2

i'm trying to indent a couple of C++-files (and untabify them; and remove trailing whitespace), so i thought about using emacs in batch mode.

Since I'm pretty much a noob when it comes to elpa (or lisp in general), i searched the web and came up with something like this:

$ cat myscript.el
(defun myindent ()
   "Format the whole buffer."
   (c-set-style "stroustrup")
   (indent-region (point-min) (point-max) nil)
   (untabify (point-min) (point-max))
   (delete-trailing-whitespace)
   (save-buffer)
)
$ emacs -batch "somefile.cpp" -l $(pwd)/myscript.el -f myindent

This kind of works.

However, all of my header files contain a boilerplate in a C-style multiline comment, which is nicely formatted. Something like:

/*-----------------------------------------------------------------
LOG
    Foo Bar - the Pizza man

    Copyright (c) 1997-2017 Me, You and others
    For information on usage and redistribution, and for a DISCLAIMER OF ALL
    WARRANTIES, see the file "LICENSE.txt".

    CLASS
        Onion
        smells and bits like an onion

    KEYWORDS
        ingredients, vegetable

    DESCRIPTION
        hum, hmm...later

-----------------------------------------------------------------*/

now when i run my scrip on that file, all the pre-formatting is lost, and it ends up as:

/*-----------------------------------------------------------------
  LOG
  Foo Bar - the Pizza man

  Copyright (c) 1997-2017 Me, You and others
  For information on usage and redistribution, and for a DISCLAIMER OF ALL
  WARRANTIES, see the file "LICENSE.txt".

  CLASS
  Onion
  smells and bits like an onion

  KEYWORDS
  ingredients, vegetable

  DESCRIPTION
  hum, hmm...later

  -----------------------------------------------------------------*/

So the question is: Is there a way to indent my files in batch mode and preserve the formatting within multiline comments (and strings)?

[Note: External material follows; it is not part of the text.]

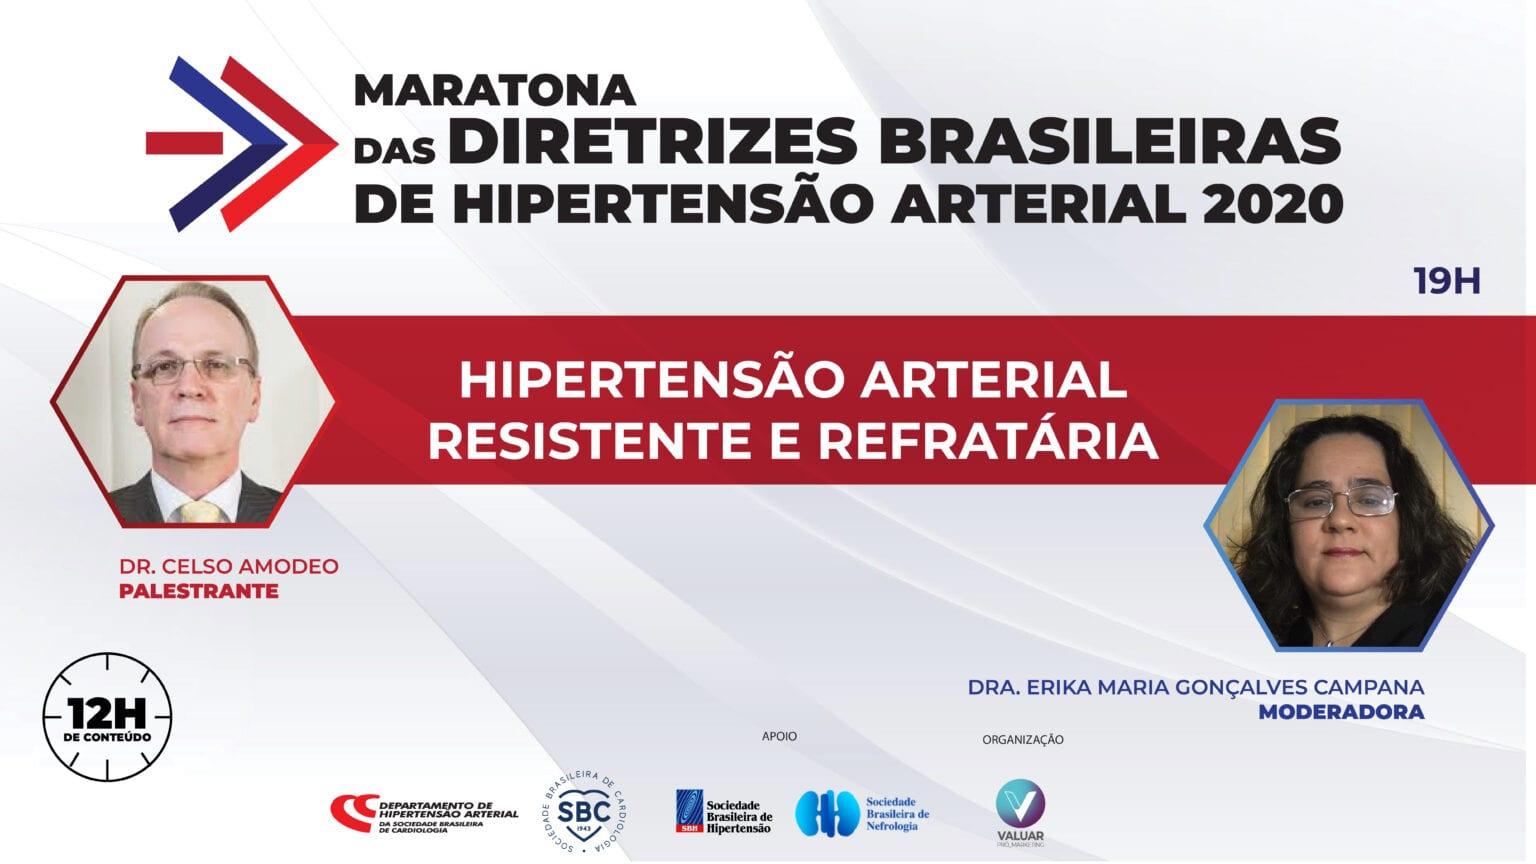 Hipertensão Arterial Resistente e Refratária

I've tried using (indent-code-rigidly (point-min) (point-max) 0) instead of indent-region which leaves the comments intact, but I preservers too much of the original indentation of the code. So I guess I'd like something inbetween indent-region and indent-code-rigidly)

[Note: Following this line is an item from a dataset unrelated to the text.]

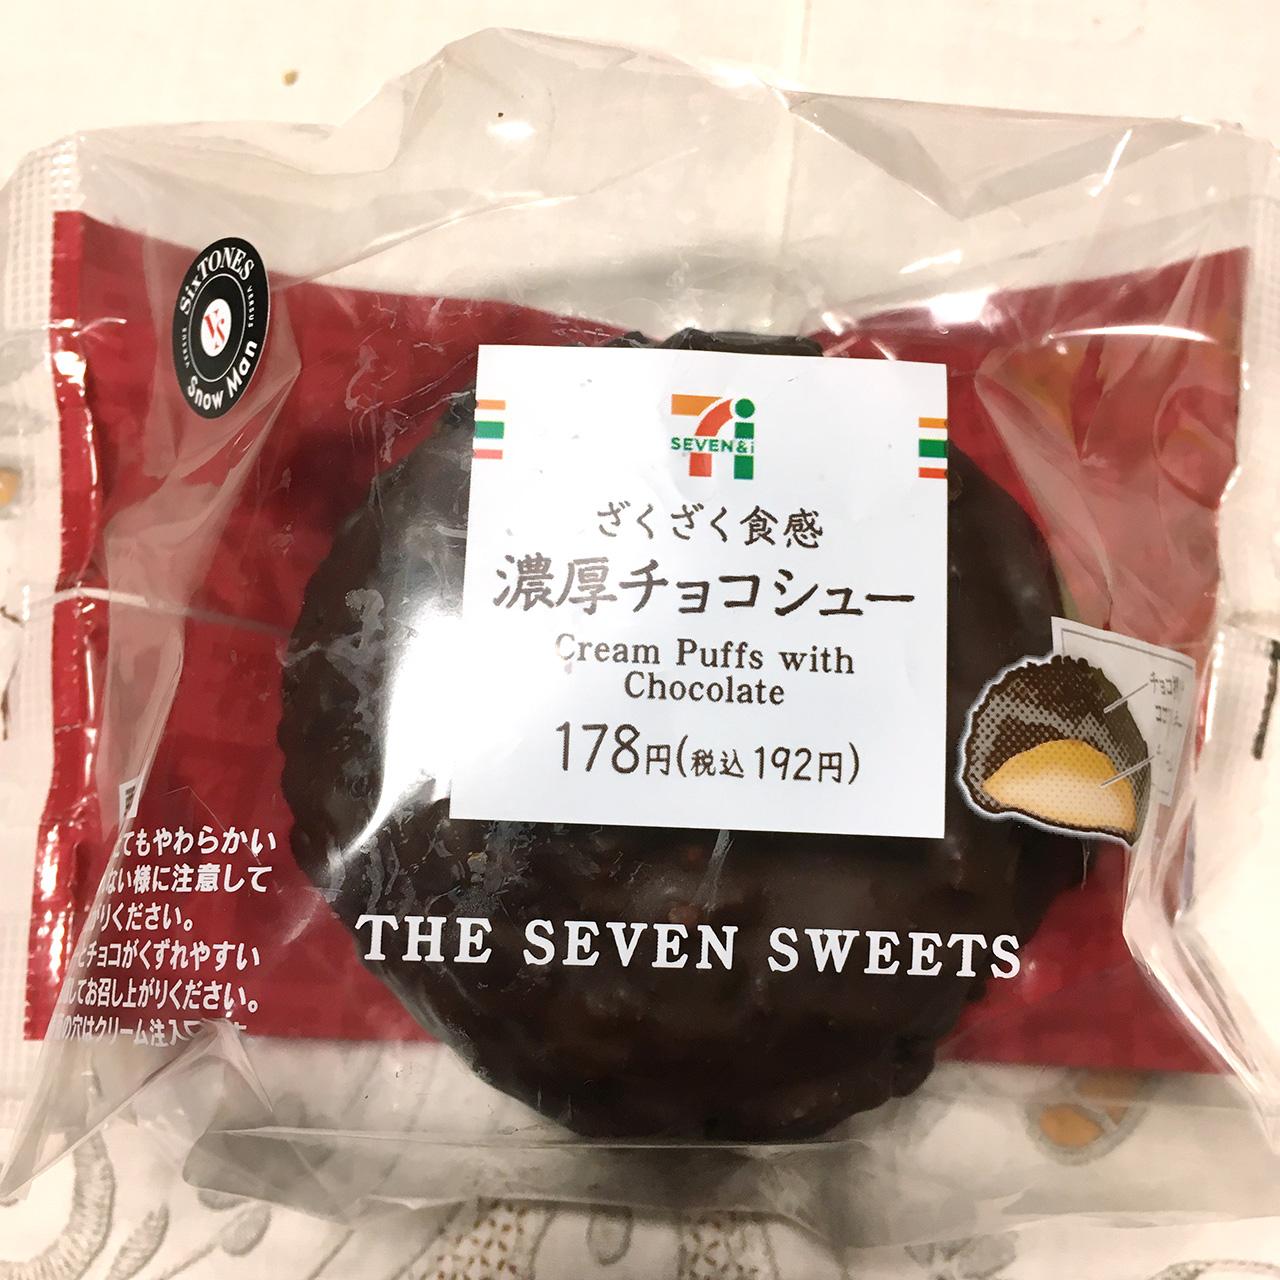 ガトーショコラのようなシュークリーム!セブンイレブンの「ざくざく食感・濃厚チョコシュー」

  • Not solving your problem, just info: indent-code-rigidly simply inserts a TAB or equivalent amount of SPC before the column where code originally started). What if in your original attempt you replace indent-region with c-indent-region? – wvxvw Dec 6 '17 at 16:06
  • unfortunately this left-aligns the comments as well (btw, the problem also exists in an interactive buffer; so it's not related to batch processing) – umläute Dec 6 '17 at 17:02
  • It seems like indent-region basically calls c-indent-line on each line (with a minor improvement in that it aligns backslashes in macro definitions). Perhaps, it would be possible to write an alternative indent-region-like function which skips lines in comments. (I'm not very familiar with c-mode, so, maybe this was already done somewhere). – wvxvw Dec 7 '17 at 9:02
1

Should just be a matter of setting the comment offset to always choose the current indentation:

(defun myindent ()
   "Format the whole buffer."
   (c-set-style "stroustrup")
   ;; `c' is for comment.
   (c-set-offset 'c (lambda (_syntax) (current-indentation)))
   (setq indent-tabs-mode nil) ; No new tabs.
   (indent-region (point-min) (point-max) nil)
   (untabify (point-min) (point-max)) ; Remove any remaining old tabs.
   (delete-trailing-whitespace)
   (save-buffer))
0

While I haven't found a solution (yet) to do-what-i-want withing emacs, I ended up by doing the indentation with astyle instead.

This was acceptable, as for now I'm really interested into a one-time conversion to enforce a common indentation across all files.

I'm still interested in a real emacs solution though.